Records drawn from a dataset
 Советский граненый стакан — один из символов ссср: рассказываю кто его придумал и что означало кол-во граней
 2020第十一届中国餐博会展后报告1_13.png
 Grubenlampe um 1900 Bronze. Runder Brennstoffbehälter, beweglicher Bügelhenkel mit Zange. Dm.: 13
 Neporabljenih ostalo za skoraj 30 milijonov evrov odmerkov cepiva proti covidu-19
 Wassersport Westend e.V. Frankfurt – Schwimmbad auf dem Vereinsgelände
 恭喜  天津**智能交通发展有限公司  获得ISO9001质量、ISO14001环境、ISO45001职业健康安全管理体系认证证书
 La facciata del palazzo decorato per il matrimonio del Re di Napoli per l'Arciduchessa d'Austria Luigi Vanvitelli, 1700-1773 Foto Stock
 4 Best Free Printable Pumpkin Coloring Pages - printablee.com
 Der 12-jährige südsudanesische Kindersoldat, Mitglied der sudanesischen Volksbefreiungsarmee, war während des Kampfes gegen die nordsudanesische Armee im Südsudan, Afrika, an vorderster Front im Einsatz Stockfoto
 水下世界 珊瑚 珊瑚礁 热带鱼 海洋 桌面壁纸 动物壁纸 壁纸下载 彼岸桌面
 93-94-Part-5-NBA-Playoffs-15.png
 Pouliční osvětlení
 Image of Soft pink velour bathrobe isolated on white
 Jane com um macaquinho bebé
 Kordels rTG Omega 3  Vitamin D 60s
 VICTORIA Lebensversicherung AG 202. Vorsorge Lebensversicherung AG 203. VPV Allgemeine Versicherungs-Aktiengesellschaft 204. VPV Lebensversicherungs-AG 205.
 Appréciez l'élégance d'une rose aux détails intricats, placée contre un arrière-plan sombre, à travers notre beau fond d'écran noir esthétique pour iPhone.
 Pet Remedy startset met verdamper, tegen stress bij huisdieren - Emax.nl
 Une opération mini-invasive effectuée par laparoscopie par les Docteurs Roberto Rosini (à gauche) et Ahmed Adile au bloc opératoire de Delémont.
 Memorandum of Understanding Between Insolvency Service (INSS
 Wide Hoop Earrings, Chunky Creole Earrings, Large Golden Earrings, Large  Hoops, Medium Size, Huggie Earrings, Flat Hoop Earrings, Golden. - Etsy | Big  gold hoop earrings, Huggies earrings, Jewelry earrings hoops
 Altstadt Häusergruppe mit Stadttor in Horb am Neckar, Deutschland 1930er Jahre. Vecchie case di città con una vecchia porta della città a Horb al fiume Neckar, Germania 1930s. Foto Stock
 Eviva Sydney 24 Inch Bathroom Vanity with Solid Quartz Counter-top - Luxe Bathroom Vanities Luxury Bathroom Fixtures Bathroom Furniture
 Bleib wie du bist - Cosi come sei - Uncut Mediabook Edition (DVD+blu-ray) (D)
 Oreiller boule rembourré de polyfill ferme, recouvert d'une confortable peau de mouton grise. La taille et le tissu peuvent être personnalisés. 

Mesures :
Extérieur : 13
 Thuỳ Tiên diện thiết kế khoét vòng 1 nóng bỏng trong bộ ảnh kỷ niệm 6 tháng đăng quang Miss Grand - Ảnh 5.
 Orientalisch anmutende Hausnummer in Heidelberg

**EXERCISE:** Return, word for word, every line from the top of the entries down to the line that holds "Grubenlampe um 1900", both included.

**ANSWER FOR THE TASK:**
 Советский граненый стакан — один из символов ссср: рассказываю кто его придумал и что означало кол-во граней
 2020第十一届中国餐博会展后报告1_13.png
 Grubenlampe um 1900 Bronze. Runder Brennstoffbehälter, beweglicher Bügelhenkel mit Zange. Dm.: 13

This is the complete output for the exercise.